• [Collection entries]:

_ _ _

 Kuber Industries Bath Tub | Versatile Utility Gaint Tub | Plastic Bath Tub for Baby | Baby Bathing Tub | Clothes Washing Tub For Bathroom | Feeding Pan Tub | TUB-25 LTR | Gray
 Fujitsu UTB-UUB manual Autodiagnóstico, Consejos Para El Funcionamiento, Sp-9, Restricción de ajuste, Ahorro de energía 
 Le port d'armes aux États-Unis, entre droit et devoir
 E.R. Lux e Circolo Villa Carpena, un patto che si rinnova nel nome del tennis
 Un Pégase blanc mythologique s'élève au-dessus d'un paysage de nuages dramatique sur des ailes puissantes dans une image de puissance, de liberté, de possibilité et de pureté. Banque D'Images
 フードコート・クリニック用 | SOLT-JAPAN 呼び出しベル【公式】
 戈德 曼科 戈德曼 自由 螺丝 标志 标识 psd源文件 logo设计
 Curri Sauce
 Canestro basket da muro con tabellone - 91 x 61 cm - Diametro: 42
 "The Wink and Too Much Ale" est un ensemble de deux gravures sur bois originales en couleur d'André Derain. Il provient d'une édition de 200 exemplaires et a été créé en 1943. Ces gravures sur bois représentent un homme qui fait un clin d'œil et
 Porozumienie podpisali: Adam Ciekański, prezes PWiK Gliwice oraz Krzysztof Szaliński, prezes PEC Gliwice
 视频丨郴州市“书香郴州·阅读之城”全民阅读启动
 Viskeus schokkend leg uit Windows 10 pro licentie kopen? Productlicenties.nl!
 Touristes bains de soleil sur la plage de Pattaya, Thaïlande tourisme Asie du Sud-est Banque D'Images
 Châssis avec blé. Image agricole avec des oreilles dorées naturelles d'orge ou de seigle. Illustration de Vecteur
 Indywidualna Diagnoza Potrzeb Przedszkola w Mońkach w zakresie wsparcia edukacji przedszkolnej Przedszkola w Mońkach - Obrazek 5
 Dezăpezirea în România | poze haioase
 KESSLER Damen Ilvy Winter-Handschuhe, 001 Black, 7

_ _ _

• [What to do]: Return only the lines of the records in which the string "Banque" appears.

• [Output of the task]:
 Un Pégase blanc mythologique s'élève au-dessus d'un paysage de nuages dramatique sur des ailes puissantes dans une image de puissance, de liberté, de possibilité et de pureté. Banque D'Images
 Touristes bains de soleil sur la plage de Pattaya, Thaïlande tourisme Asie du Sud-est Banque D'Images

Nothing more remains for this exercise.